● **YOUR ASSIGNMENT**
Retype the following data exactly, but leave its pictures out.

● **RECORDED INFORMATION**
━━━━
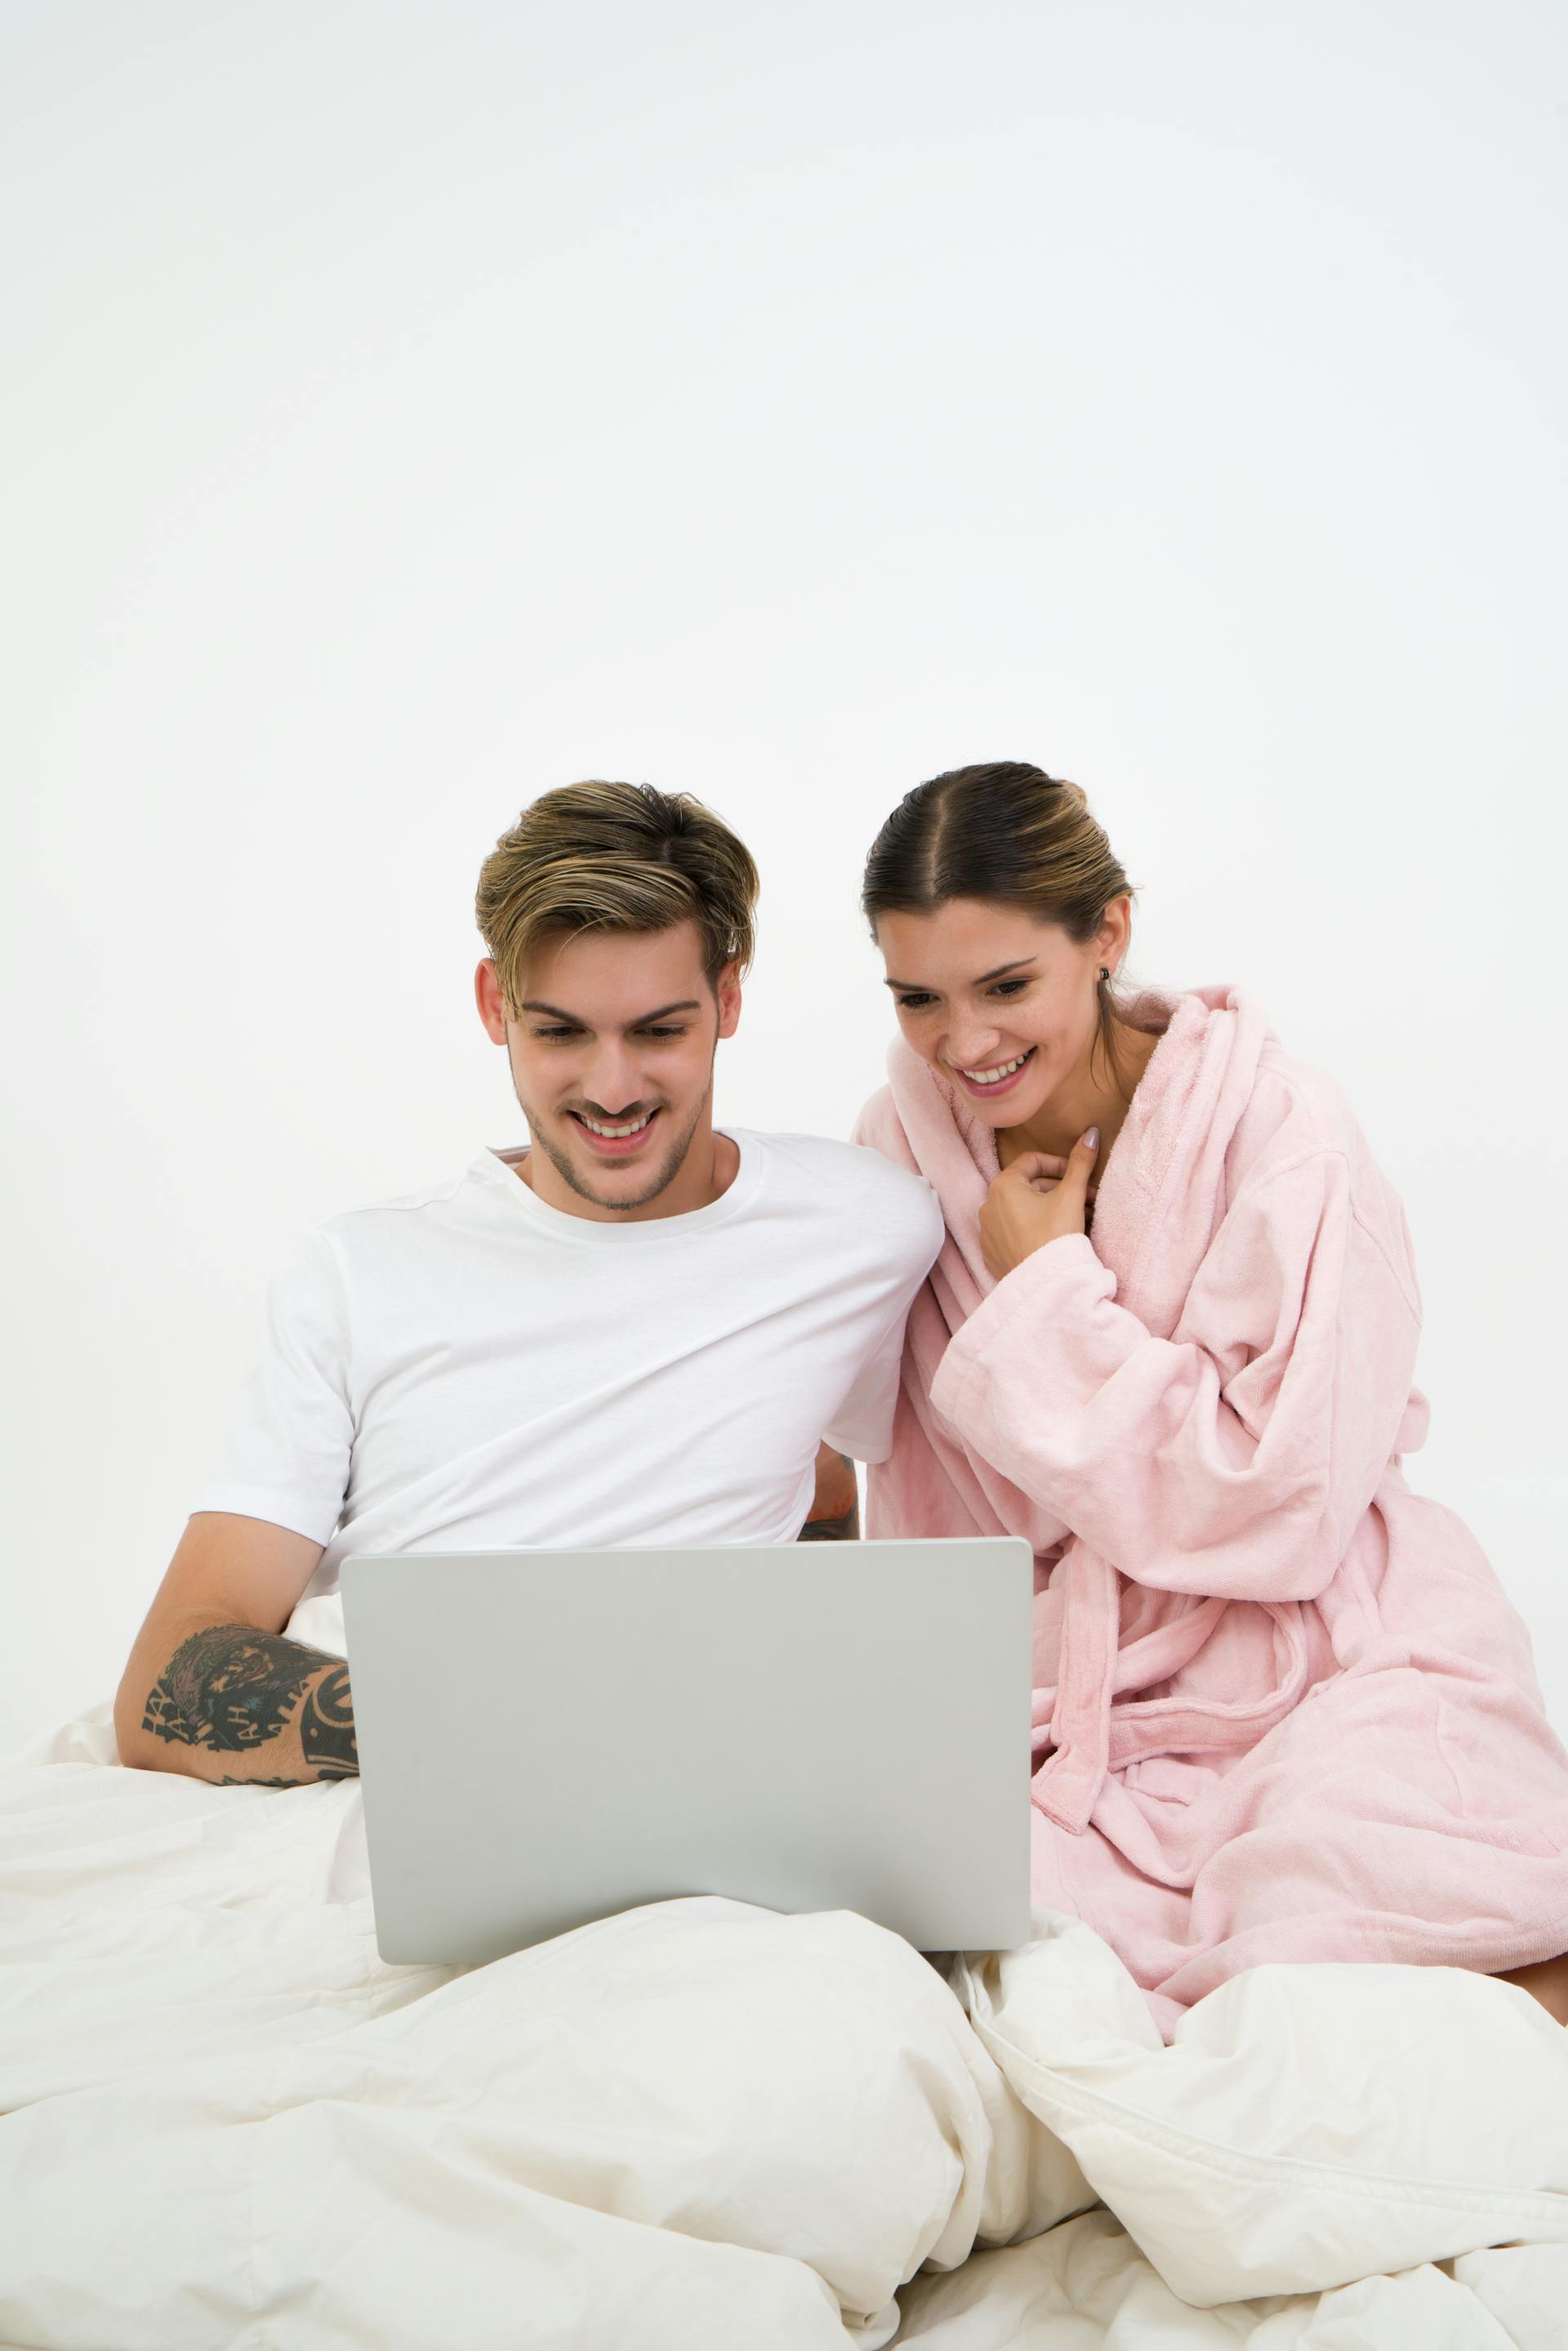 A young couple using  a laptop | Source: Pexels
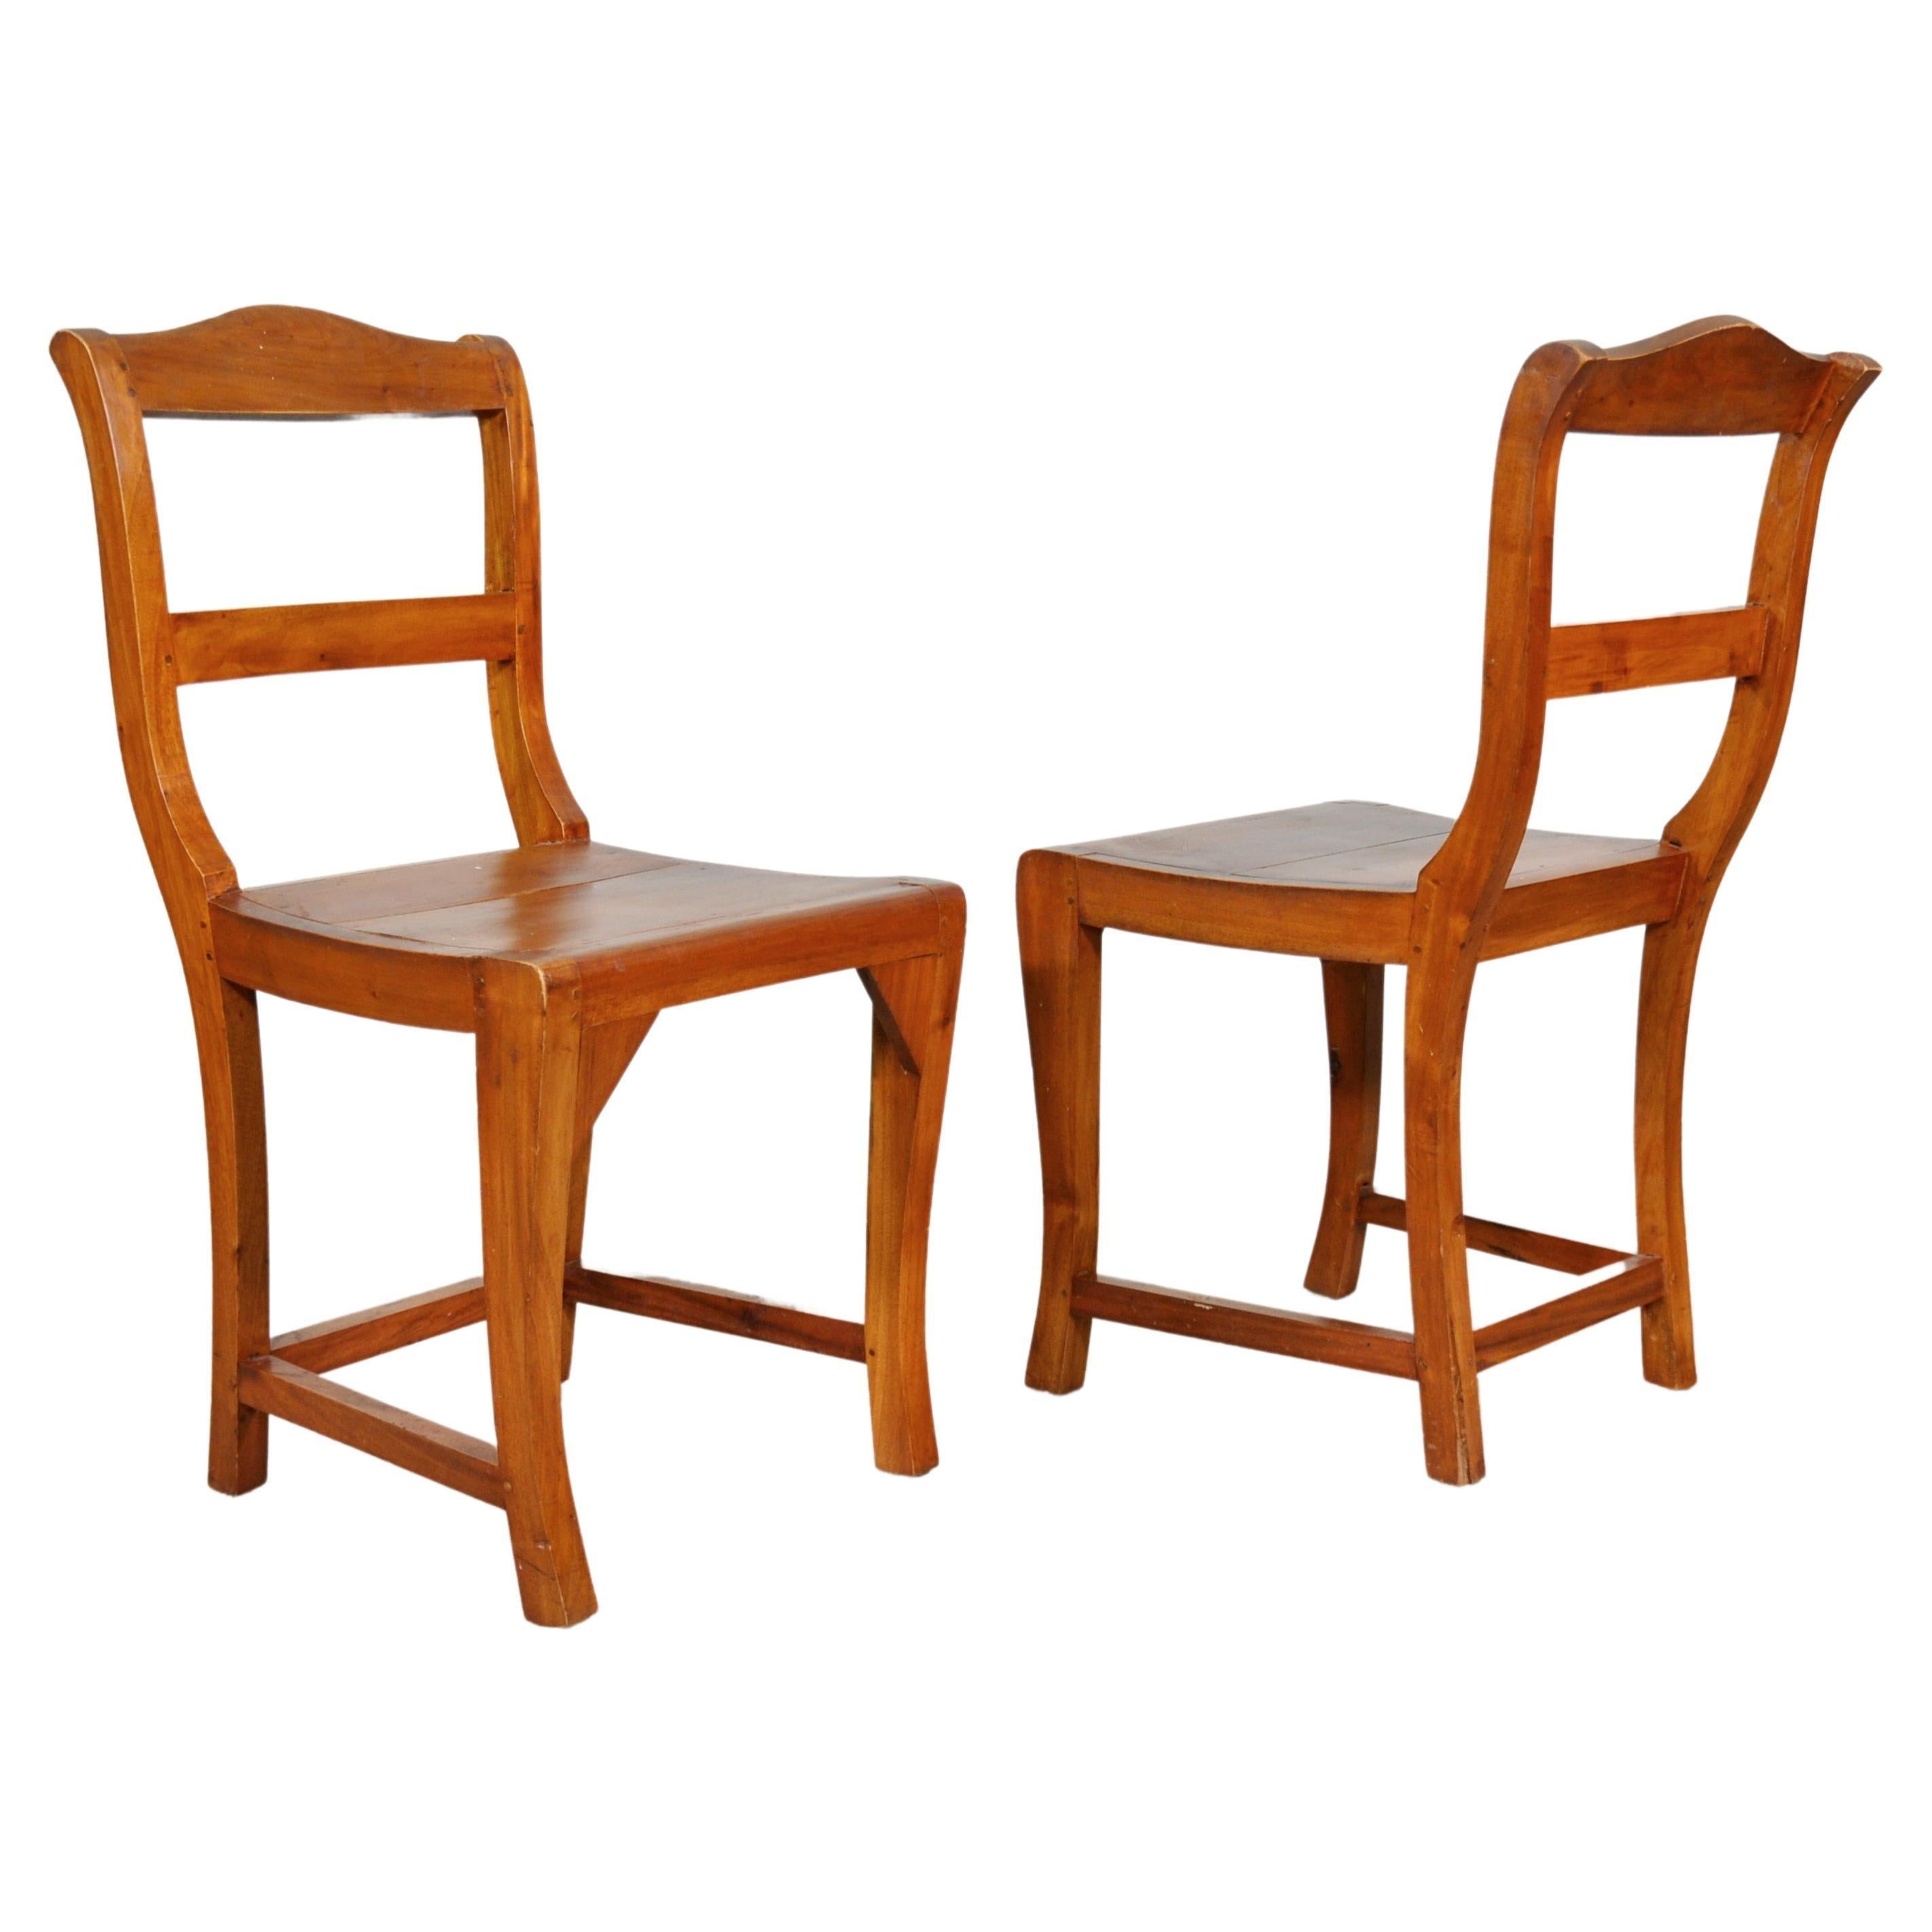 Unusual pair of antique hand-crafted shaped ladder back chairs made from fruitwood. Circa 1880. Ideal for use in a hall / mud room. Rustic French country look that works equally well in a beach house, a farmhouse or a mountain ski resort chalet.
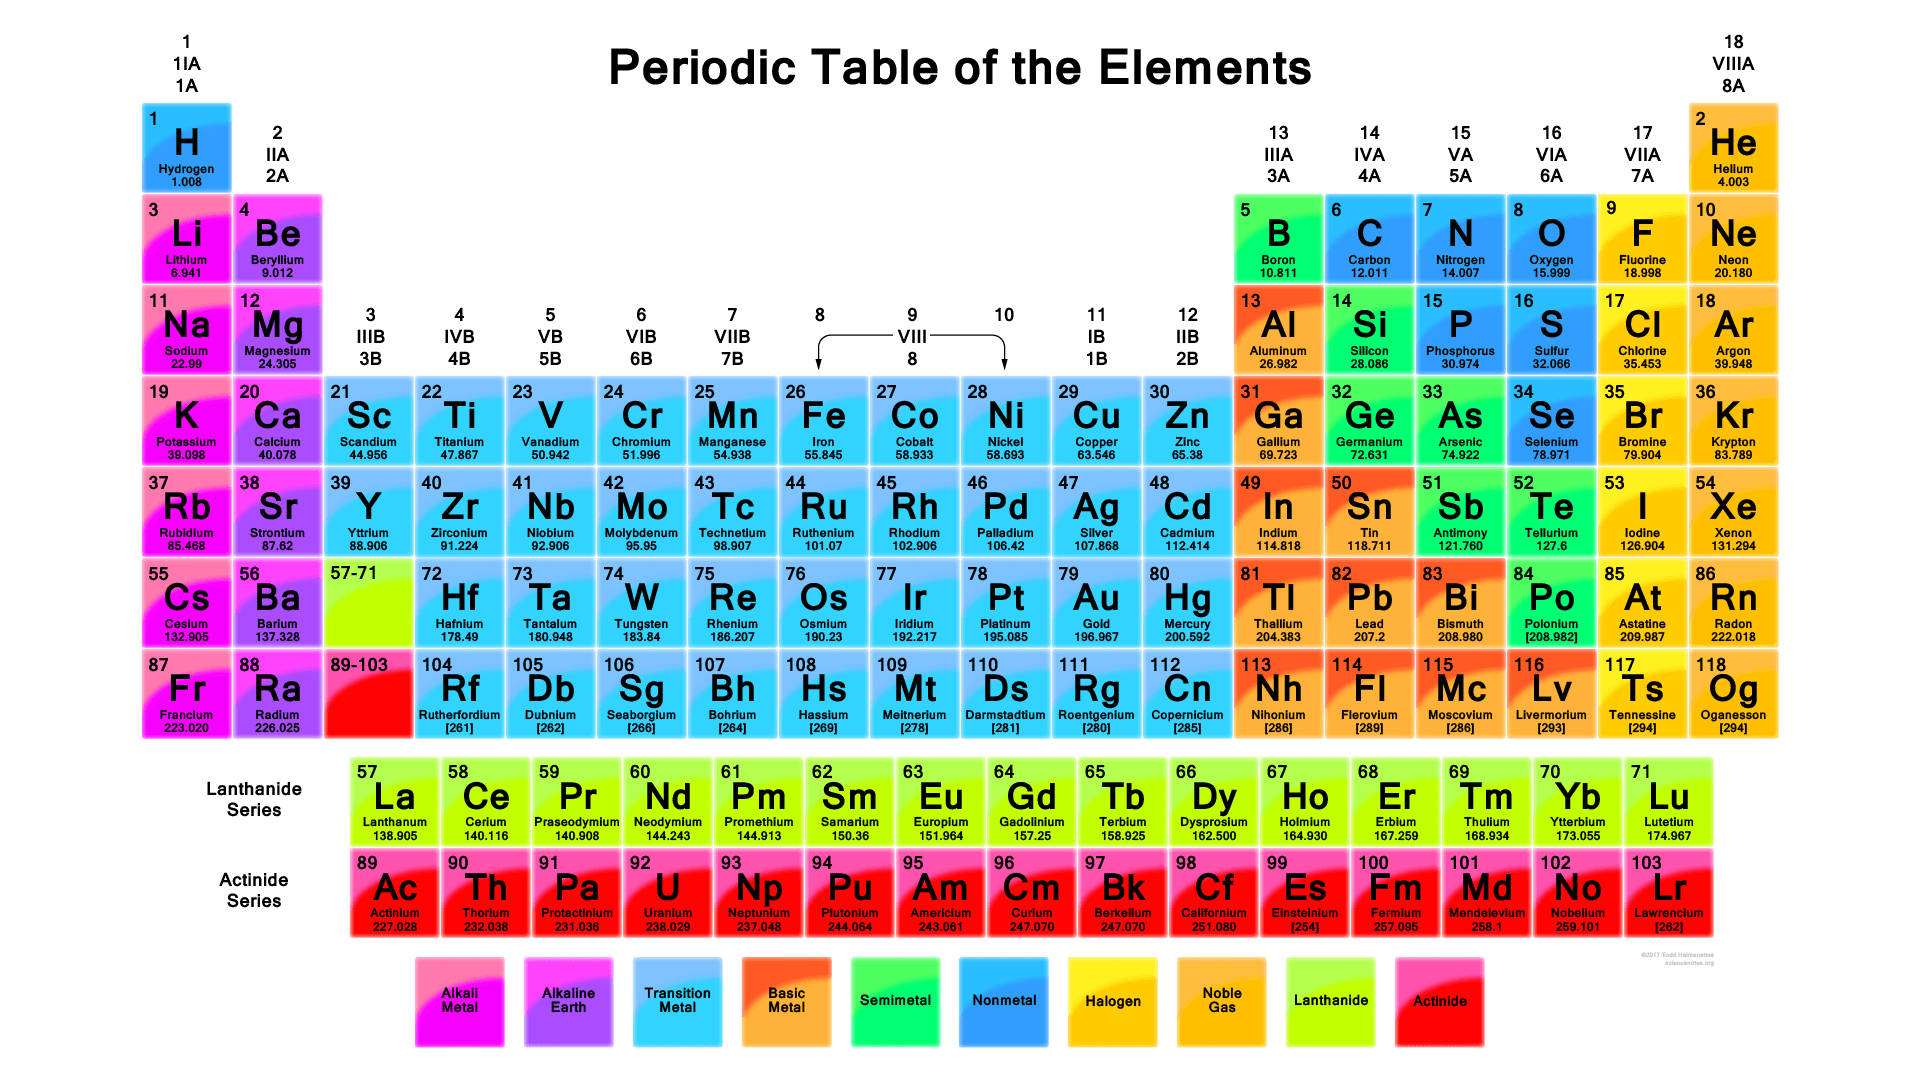 About Chemistry - New Colorful Periodic Table Wallpaper - Free Download  http://buff.ly/1uZPQla | Facebook
━━━━
● **SOLUTION TO THE PROBLEM**
 A young couple using  a laptop | Source: Pexels
 Unusual pair of antique hand-crafted shaped ladder back chairs made from fruitwood. Circa 1880. Ideal for use in a hall / mud room. Rustic French country look that works equally well in a beach house, a farmhouse or a mountain ski resort chalet.
 About Chemistry - New Colorful Periodic Table Wallpaper - Free Download  http://buff.ly/1uZPQla | Facebook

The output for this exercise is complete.